(About this exercise) From the first line to the last, repeat the data exactly and drop the pictures.

*** Opening of Provided data ***

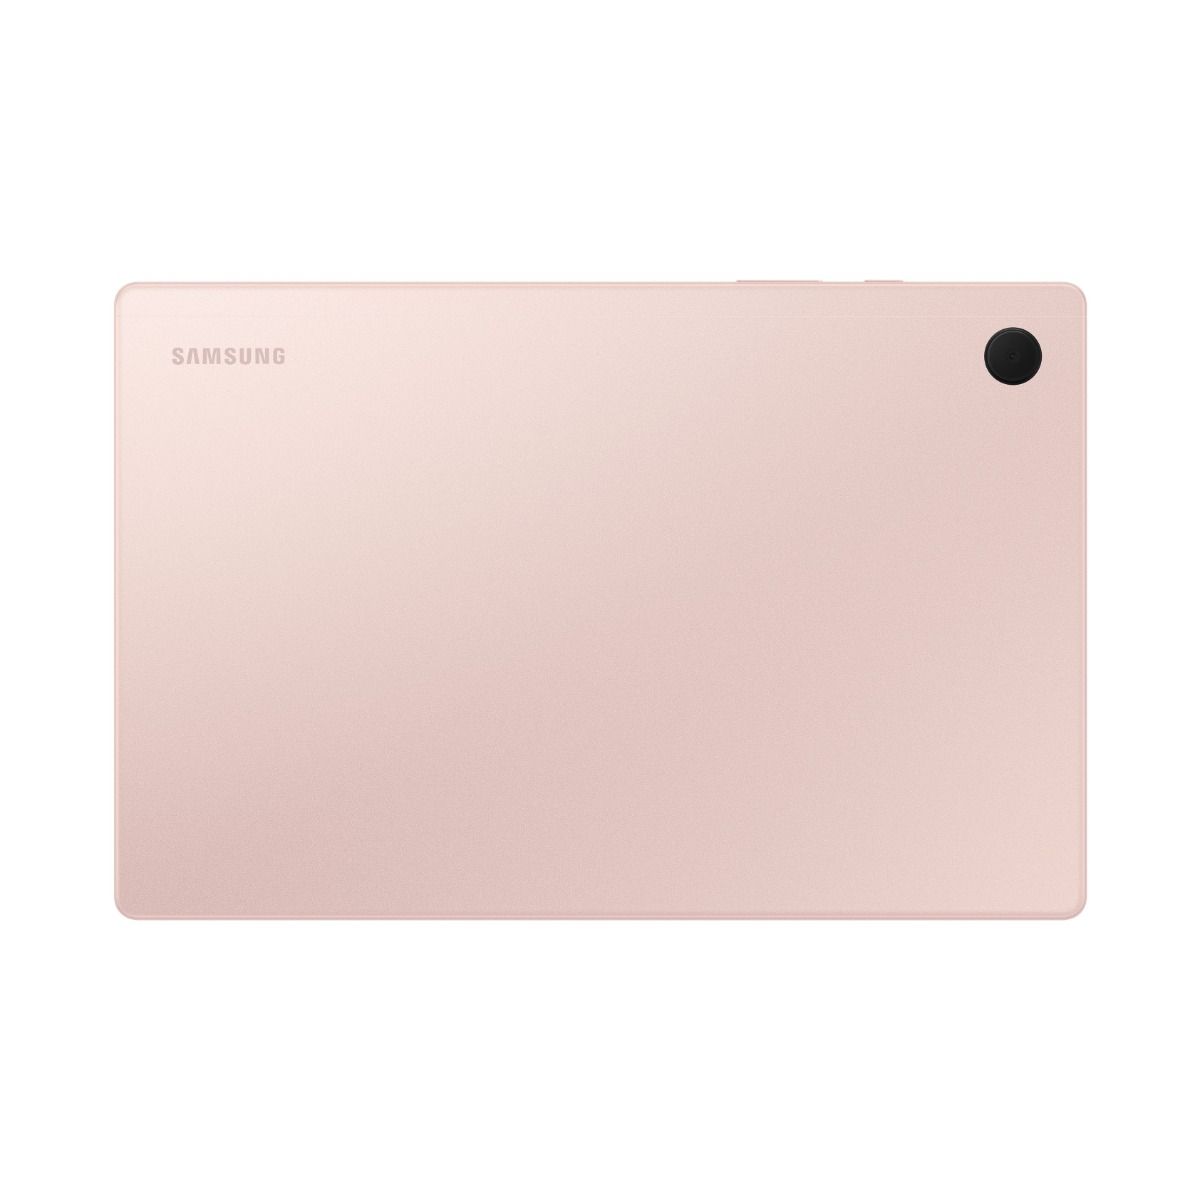 Samsung Galaxy Tab A8 WiFi 10.5" Tablet 3GB RAM 32GB Storage Pink Gold Android
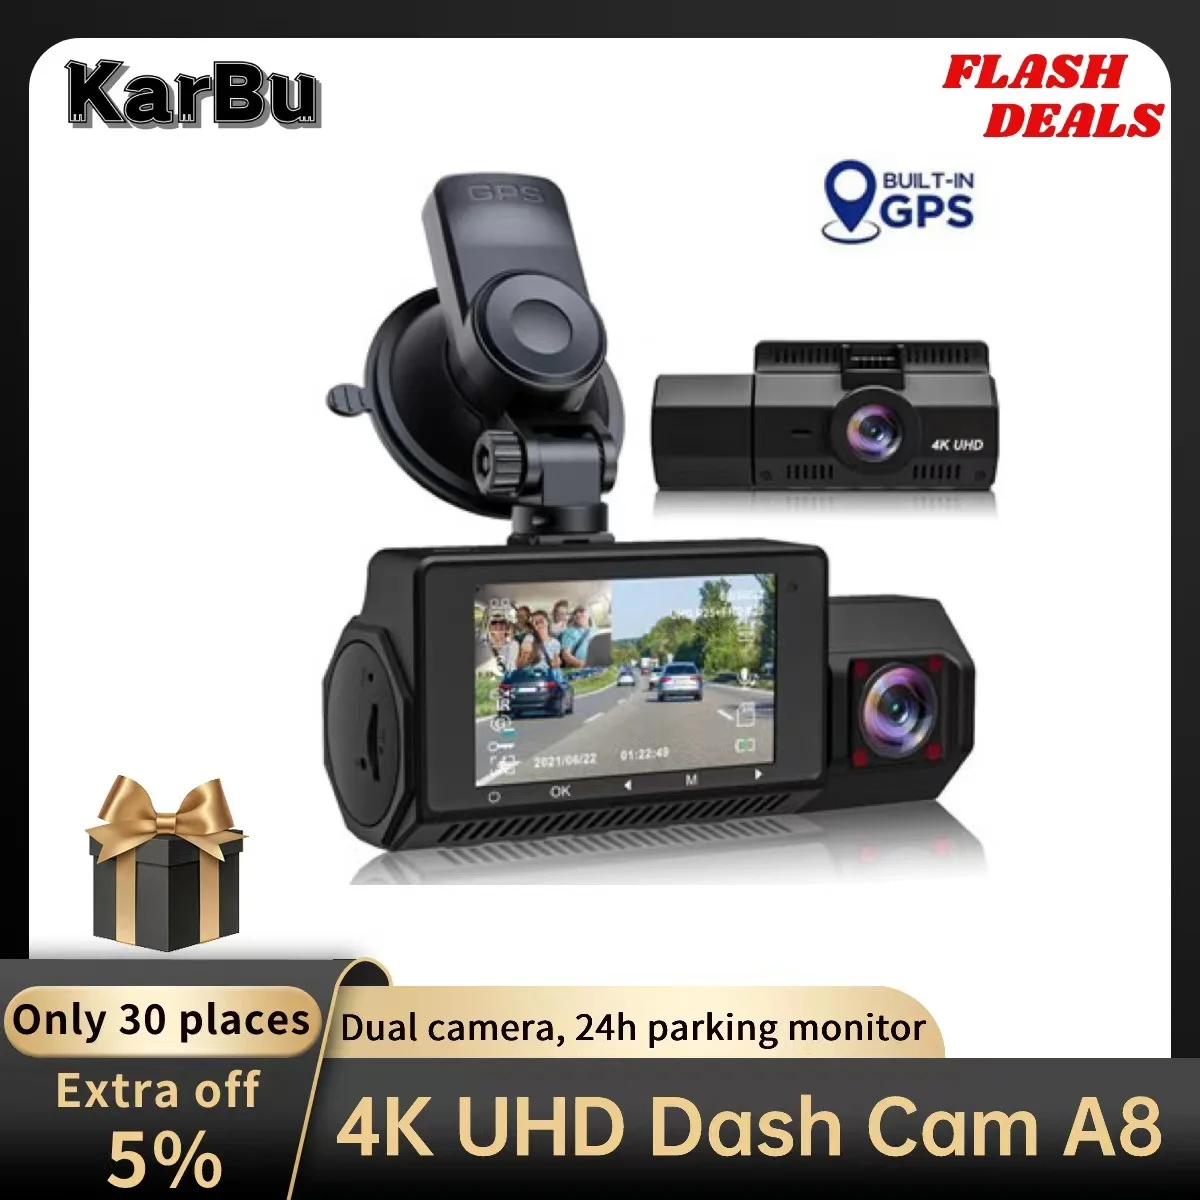 https://ae01.alicdn.com/kf/S2ea4d468b98e40c3a9ddc7e912f8d5099/Dash-Cam-Dual-Camera-4K-For-Car-Video-Recorder-UHD-Night-Vision-Dashcam-GPS-24h-Parking.jpg
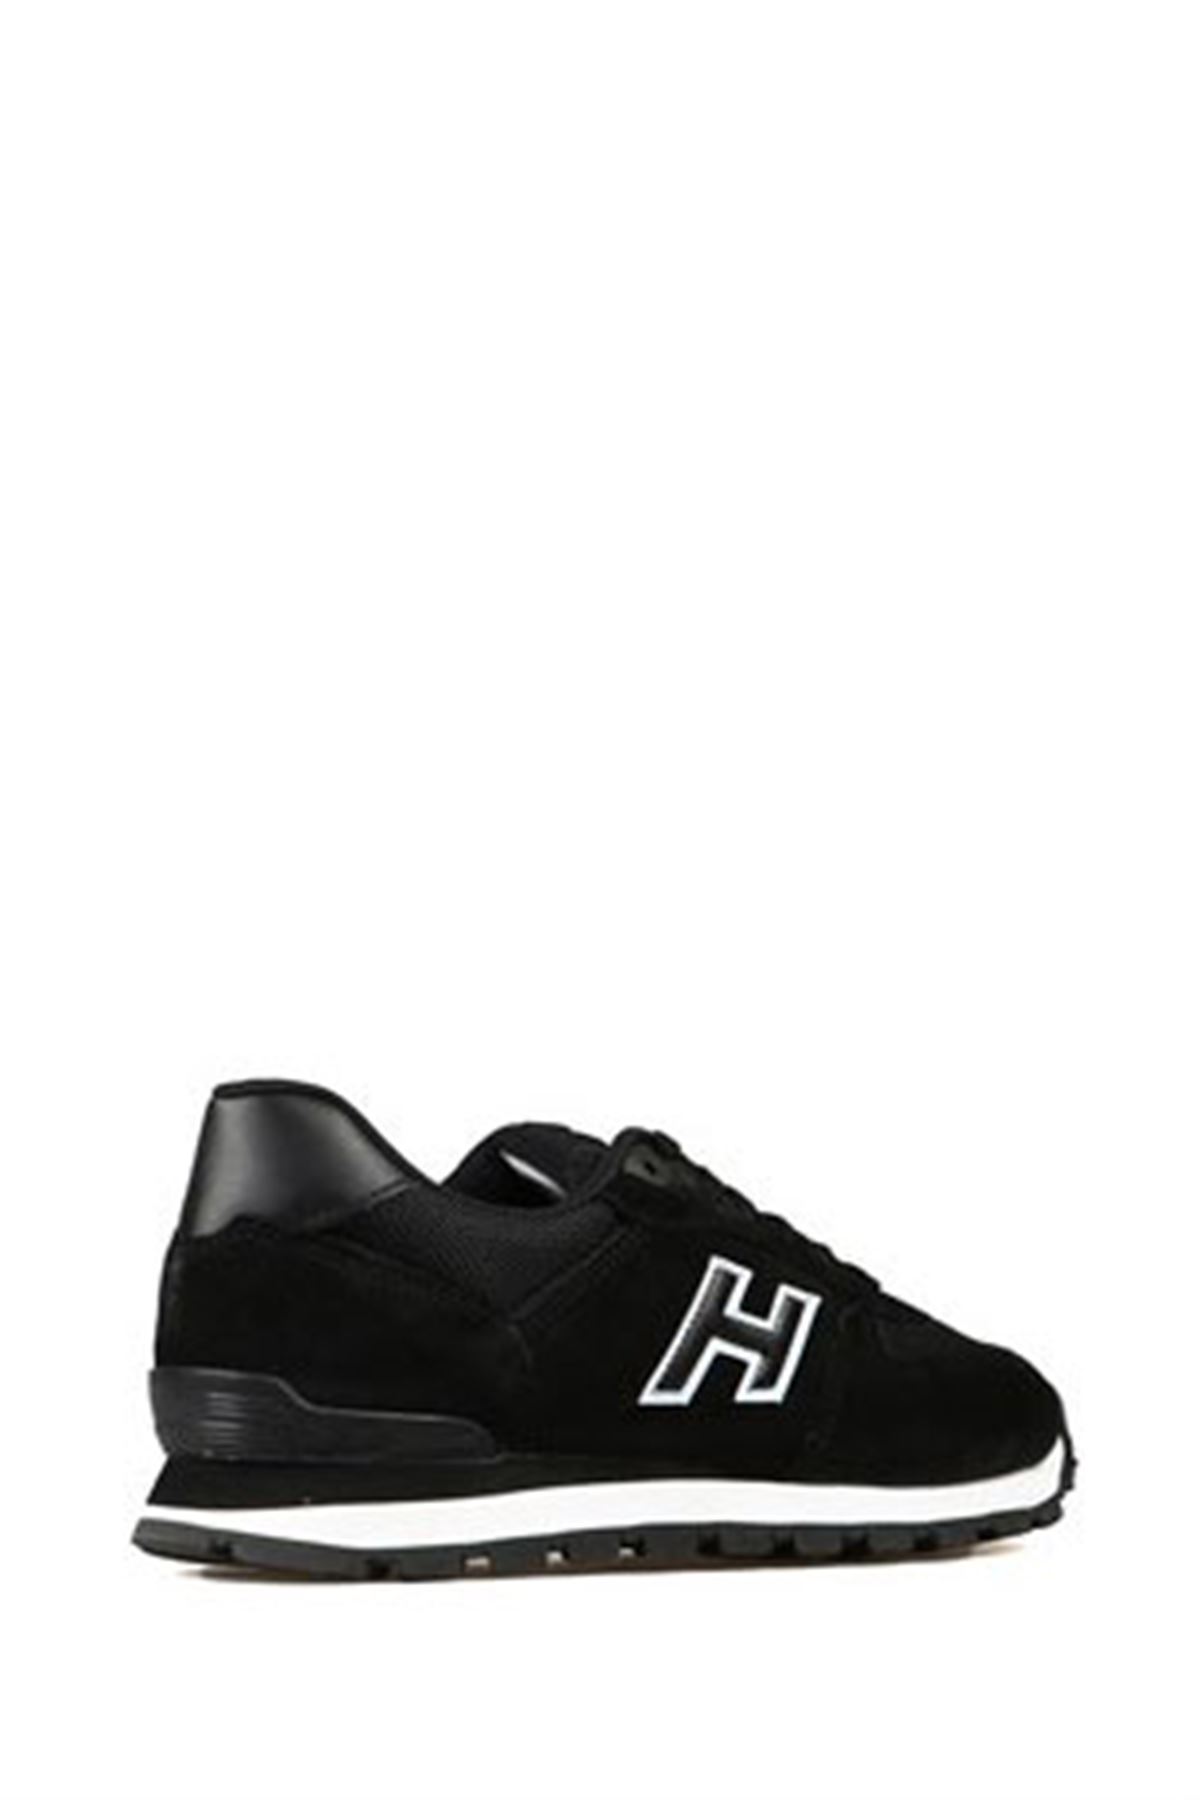 Hammer Jack Peru Erkek Spor Ayakkabı - Siyah
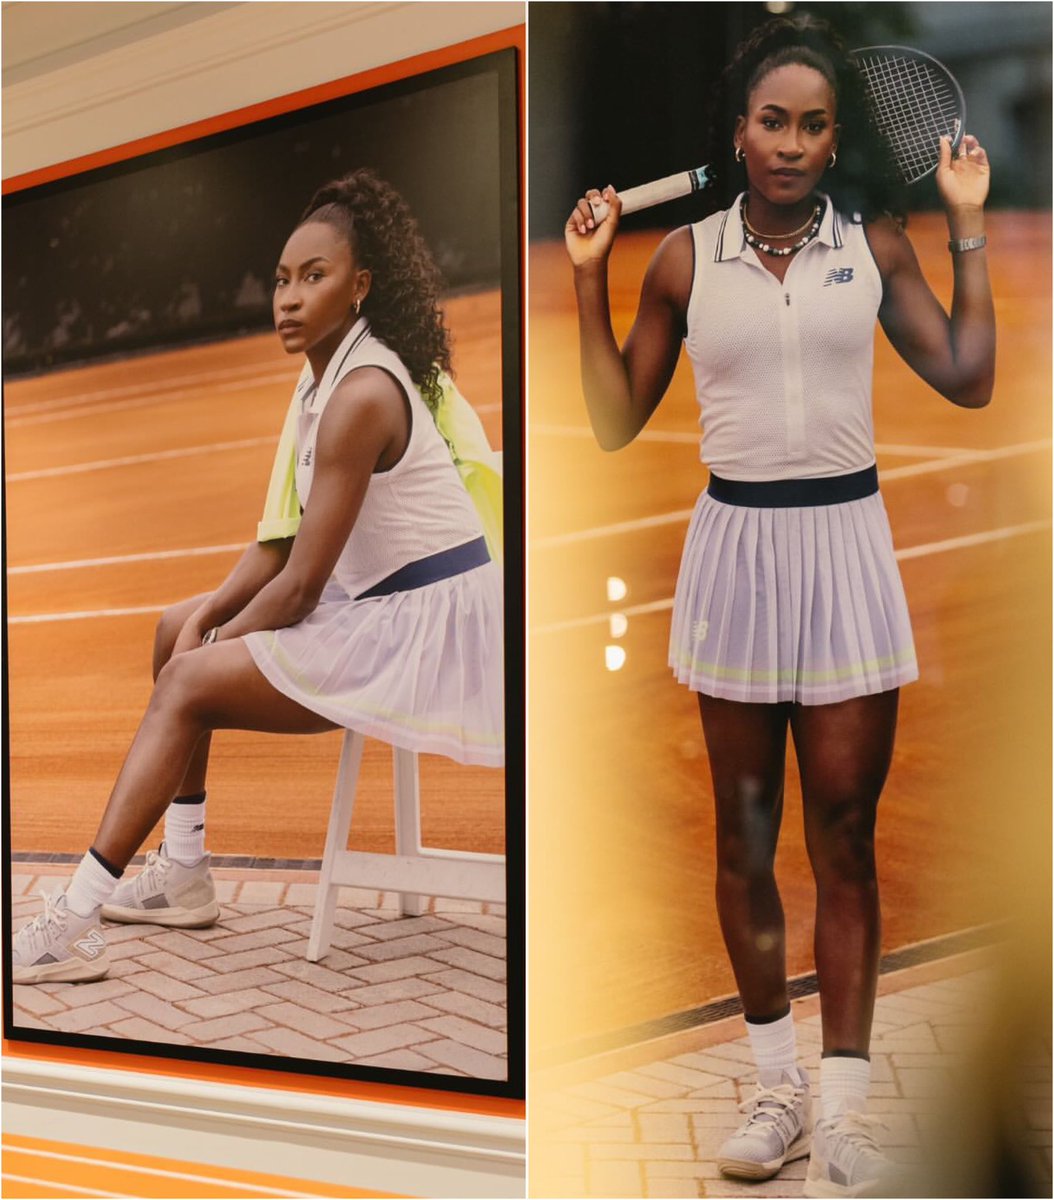 Coco’s Roland Garros kit?

*** Close of Provided data ***

(Final answer)
 Samsung Galaxy Tab A8 WiFi 10.5" Tablet 3GB RAM 32GB Storage Pink Gold Android
 https://ae01.alicdn.com/kf/S2ea4d468b98e40c3a9ddc7e912f8d5099/Dash-Cam-Dual-Camera-4K-For-Car-Video-Recorder-UHD-Night-Vision-Dashcam-GPS-24h-Parking.jpg
 Hammer Jack Peru Erkek Spor Ayakkabı - Siyah
 Coco’s Roland Garros kit?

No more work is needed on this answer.